ㅤㅤㅤCaminhava sozinha pela rua em uma madrugada quente de julho tragando de mal jeito um cigarro que havia pegado escondido e conversava com um gato caolho que todas as noites a acompanhava desde a Sra. Darcy como se quisesse ter certeza de que chegaria em casa, xingou baixinho quando a brisa soprou a fumaça de volta para seu rosto fazendo com que seus olhos ardessem. Agradeceu a companhia do bichano e prometeu que o visitaria em breve, o animal assentiu como se a entendesse e sentou na beira da calçada, levantando a ponta do rabo, esperando até ela abrir a porta silenciosamente para poder seguir seu caminho de volta para casa. Sentia-se exausta, fazia uma semana inteira que não tinha uma noite decente de sono, vivendo em um constante estado de mal humor que sei pai não conseguia entender ou conversar sobre, pois a garota se afastava falando para deixá-la em paz; aquilo era uma longa história em que ele estava presente o tempo todo, mas não conseguia ver que algo estava errado.

ㅤㅤㅤTudo começou quando tinha dez anos e sua mãe passou a lhe dar uma pílula por semana, depois pulando para três e depois sete, às vezes juntava algumas e as tomava de uma vez porque gostava da sensação que traziam deixando tudo em seu interior calmo a ponto de não se importar com a confusão pela casa, aquilo tinha sido a melhor coisa do mundo e durou bastante tempo até o ano anterior em que acidentalmente ingeriu uma quantidade bem acima do costume. Não entendeu quando acordou no hospital após uma lavagem estomacal e os primeiros dias depois daquilo foram horríveis, seu humor oscilava como uma vela na brisa e ela gritava com os outros, deixando-os sem reação já que sempre foi uma garota muito quieta. Algumas semanas depois daquele acontecimento, as coisas começaram a voltar ao normal, seu pai ficou feliz ao ver Alice como ela mesma e até arriscou dizer que o relacionamento entre mãe e filha havia melhorado depois daquele episódio, pois Clarisse insistia em fazer a janta da criança todas as noites.

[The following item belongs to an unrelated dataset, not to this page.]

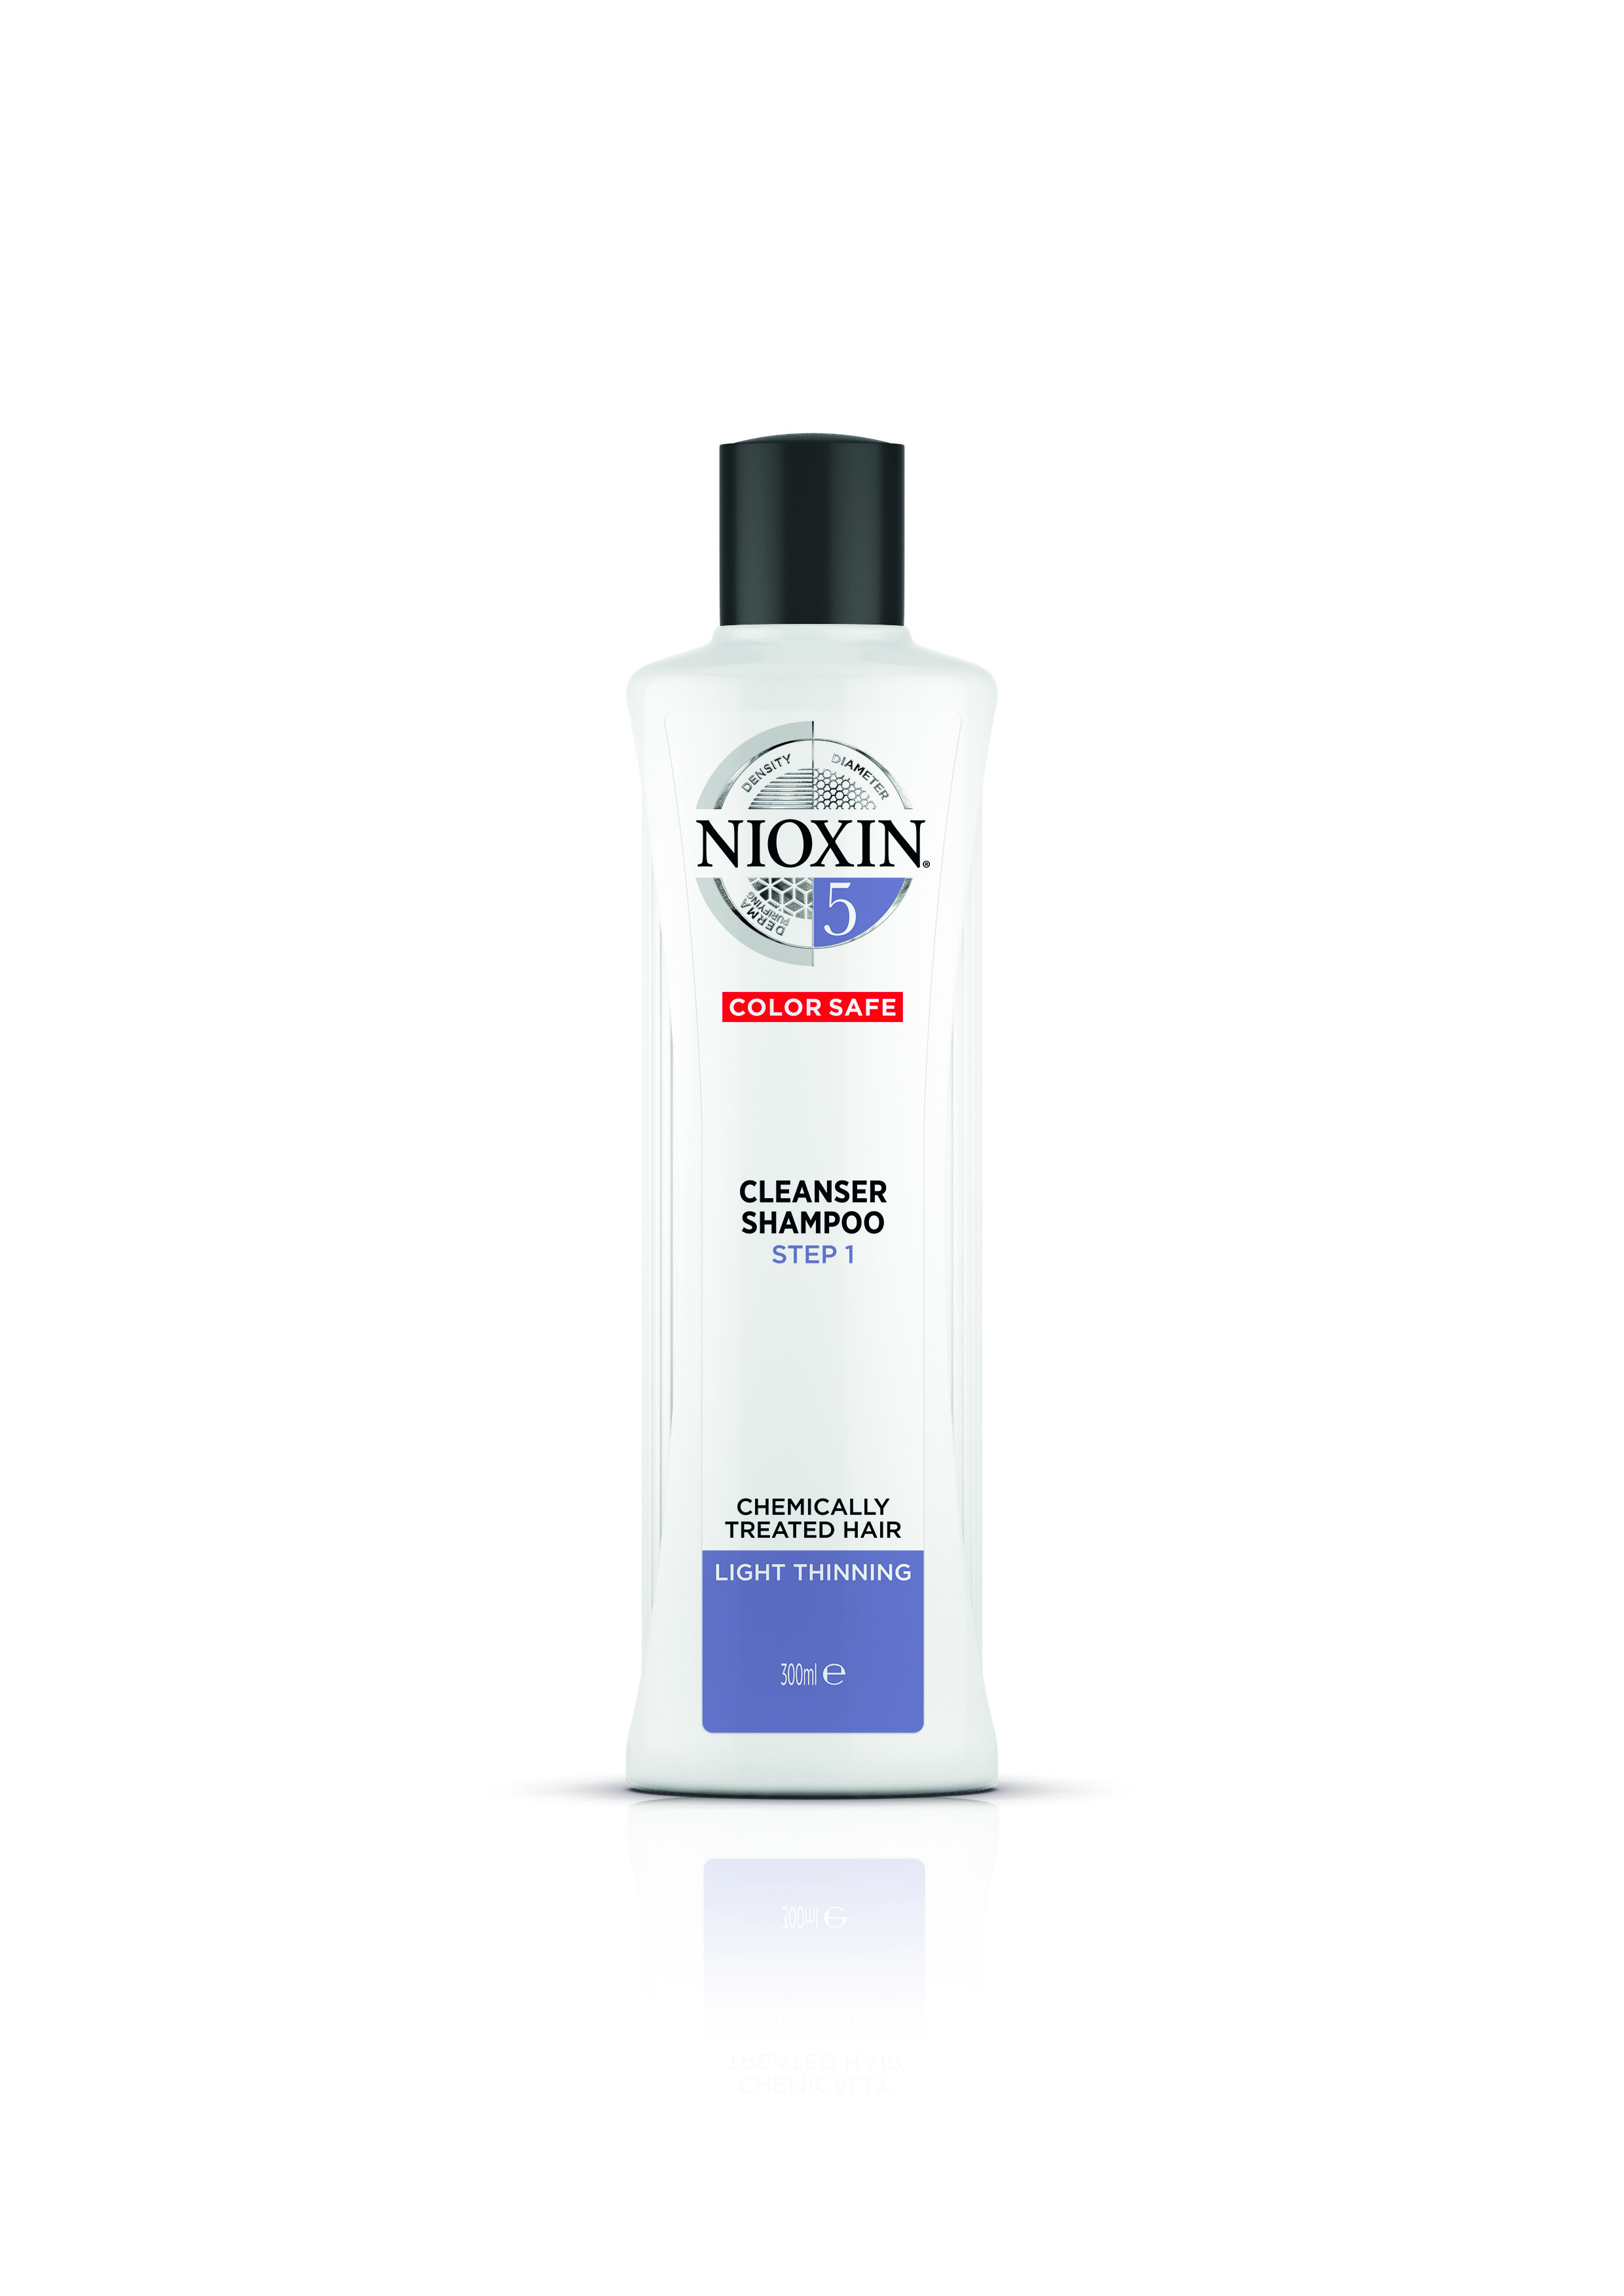 NIOXIN Шампунь очищающий для жестких натуральных и окрашенных волос, Система 5, 300 мл очищающий шампунь система 2 81630627 7981 7741 4470 300 мл

ㅤㅤㅤNaquele dia não estava sozinha em sua própria cabeça quando saiu para a casa da vizinha na rua de baixo e esperava que a idosa tivesse um pouco daquele chá esquisito que fazia as tardes parecerem mais agradáveis e silenciosas, porém encontrou algo muito melhor. Segurou o xixi por um tempo longo demais, mal se aguentando em pé quando foi para o banheiro, enquanto lavava as mãos perguntava para seu reflexo o que aconteceria se abrisse o armário do espelho por curiosidade e a outra Alice disse que na pior das hipóteses suas mãos caíram, mas não custava nada olhar, não é mesmo? Concordou abrindo o espelho logo em seguida, os olhos brilharam ao ver dois frascos amarelos preenchidos até as tampas com as pílulas verdes iguais às de sua mãe. A Sra. Darcy é muito velha e provavelmente não vai perceber se eu pegar algumas, talvez até se confunda achando que tomou doses repetidas ou que os dias estão passando muito rápido, seguindo essa linha de raciocínio, pegou dez comprimidos de cada frasco.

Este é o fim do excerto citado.